The editor of the Liverpool Daily Post wrote on fortune-telling and prophecy in the issue of 14 December 1912, that Zodiac was a man of colour convicted for pretending to tell fortunes, and the six months sentence was well earned. “The sort of flatulent verbiage with which these charlatans inflate the hopes of the victims is too ridiculous” and that Zodiac had “a most unsavoury record”. The Derby Daily Telegraph (and the Lancaster Evening Post also of 14 December 1912) said the coloured man “professed to be a phrenologist, and not a fortune-teller”. The magistrate said it was “roguery”.

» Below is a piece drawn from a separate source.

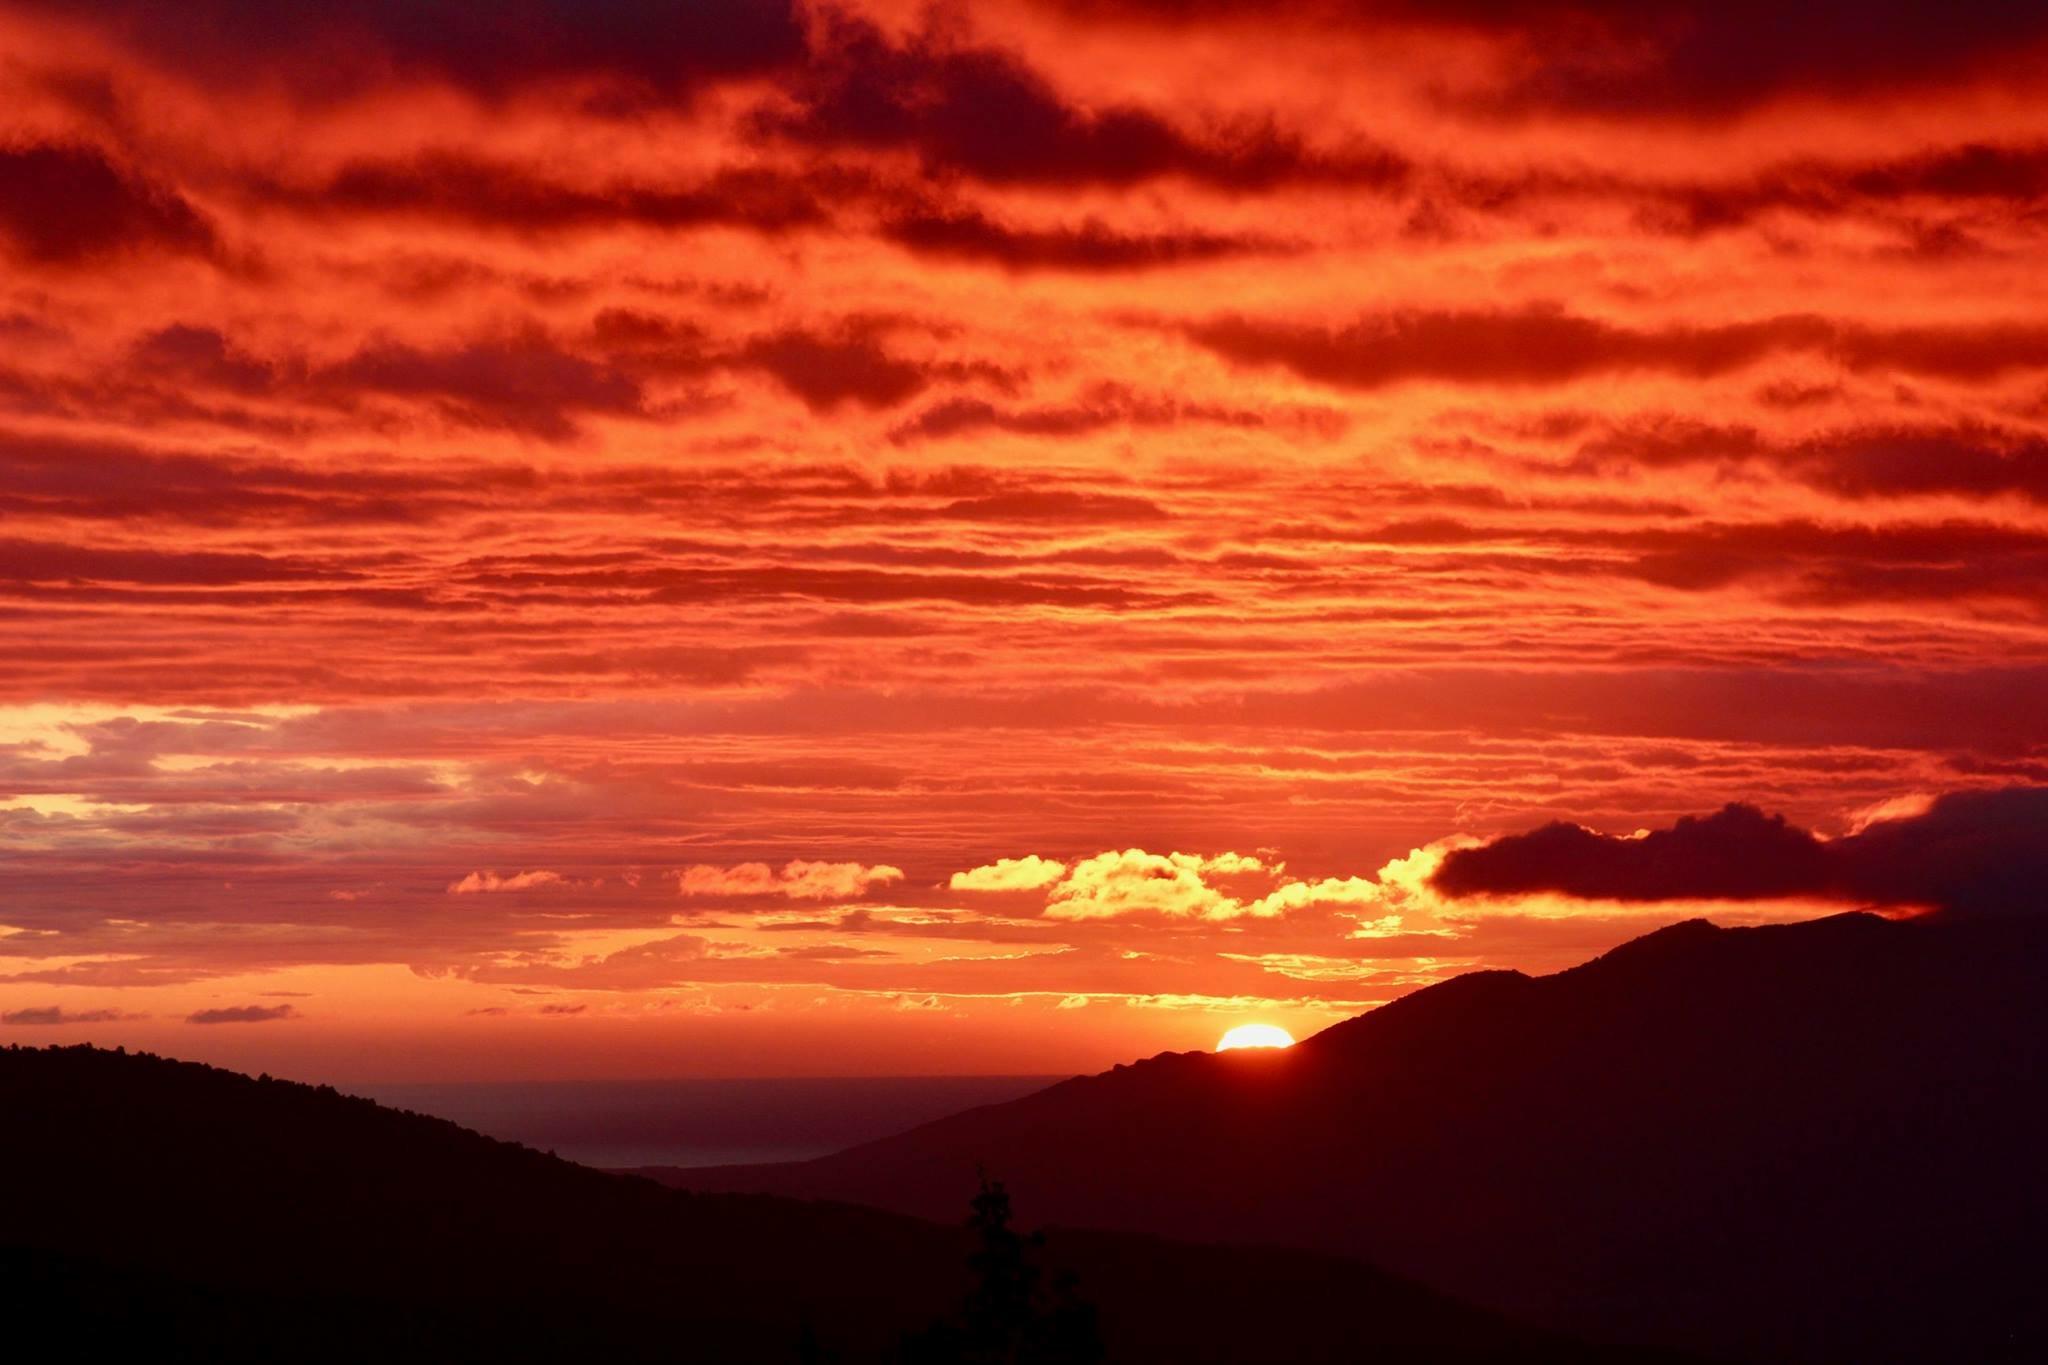 A typical Autumn sunrise at La Taillede

A man named Zenith Zodiac was reported in Dublin’s Evening Herald of 2 October 1914 (page 1) “accused of telling fortunes”. His name was Conrad Dhuleep “a West Indian”. He had been in Ireland for three weeks. Professor Zodiac advertised himself as “The Indian Phrenologist and Occult Scientist” who was available for consultations at the Flixton Hotel in Ballymena, some forty miles from Belfast in Northern Ireland, in the Ballymena Observer of 5 February 1915, page 2.
On 28 July 1919 the Dublin Evening Telegraph reported on its front page “Sentence of Soothsayer who Practiced in Dublin”. Making his appearance in Bottle, Lancashire, Rupert Eric Costello de Monmorency [sic] “a gentleman of colour from Jamaica” pleaded guilty when charged with telling fortunes. His fees were from one shilling (5% of £1) to one guinea (£1.05). He admitted to previous convictions over sixteen years, in London, Liverpool, Manchester – and was sent to prison for three months. On the same day the Liverpool Echo (page 5) reported Rupert Eric Costello de Montmorency [sic] aged 45 “from America” at Bootle court. He admitted convictions in London, Liverpool, Manchester, Brighton, Leicester, and Dublin. He told the court that he often worked for charity and had raised over £50 for the Lancashire Fusiliers in August 1915.
The reports have Zodiac aged 38 in 1911 and 45 in 1919, so we might agree that de Mon[t]morency and Blair were the same person. The man in Ireland in 1914-1915 might be another fellow, but we know very little of the self-confessed sixteen year career of Professor Zodiac, a black man working in the margins of British society.